Data section Block Start

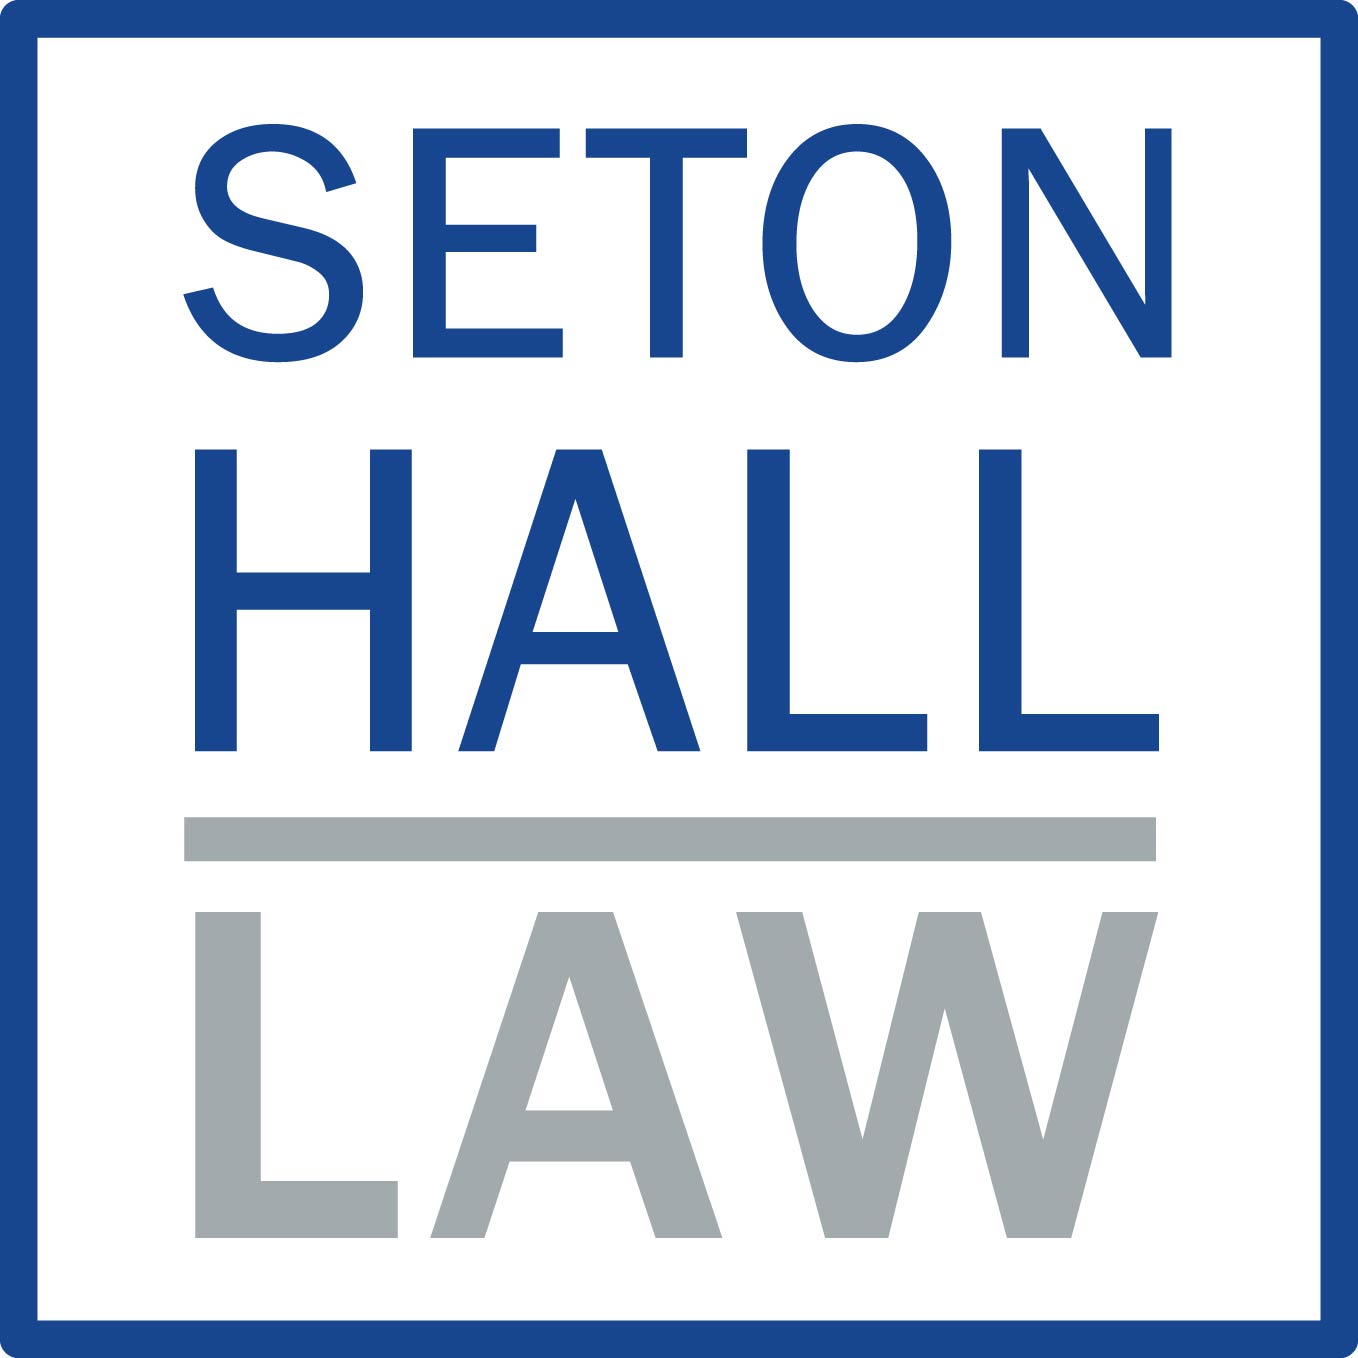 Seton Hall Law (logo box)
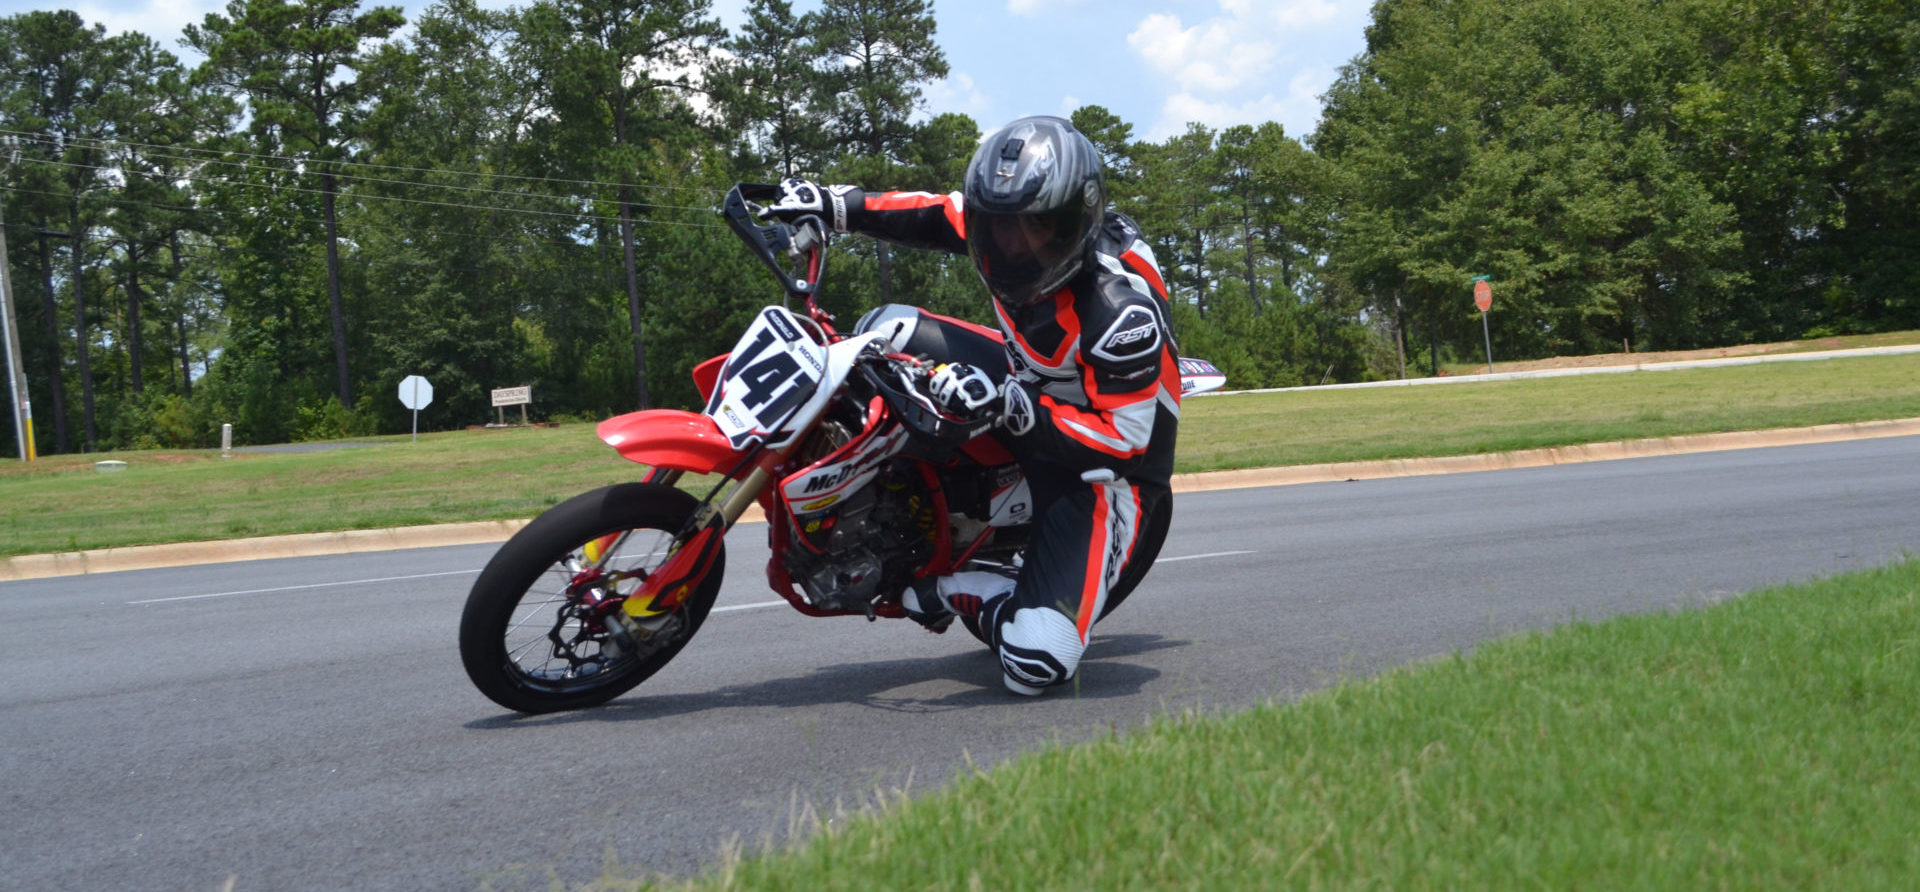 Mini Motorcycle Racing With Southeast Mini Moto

Data section Block End
Data section Block Start

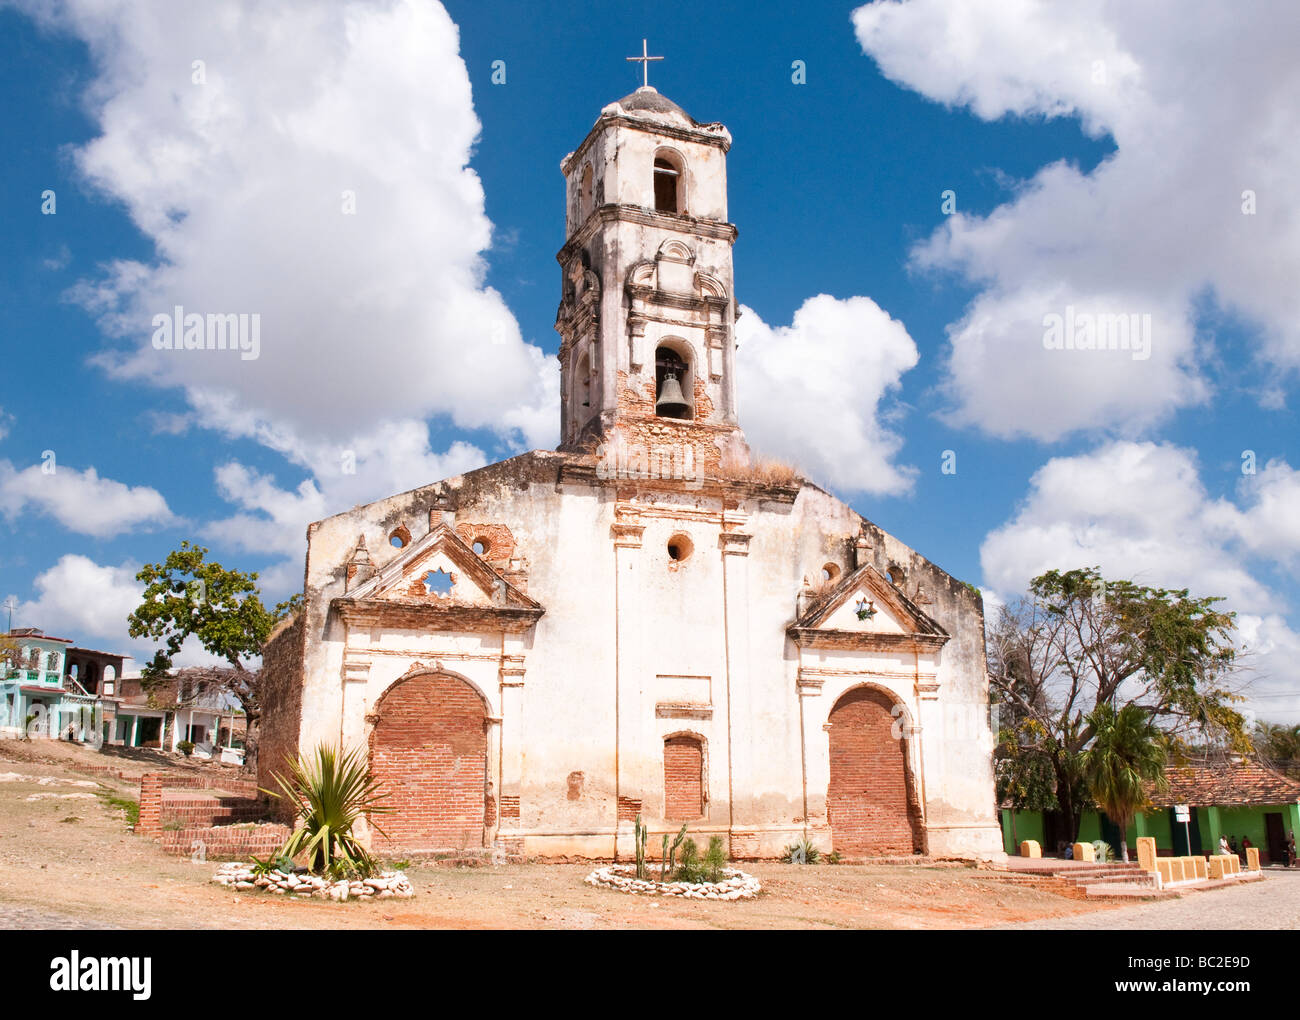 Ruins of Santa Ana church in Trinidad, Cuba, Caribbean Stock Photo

Data section Block End

Everything from the line with "Seton Hall Law (logo box)" down to the line with "Mini Motorcycle Racing" in the data above should be copied exactly, with both end lines kept and the pictures left out.

Task solution:
 Seton Hall Law (logo box)
 Mini Motorcycle Racing With Southeast Mini Moto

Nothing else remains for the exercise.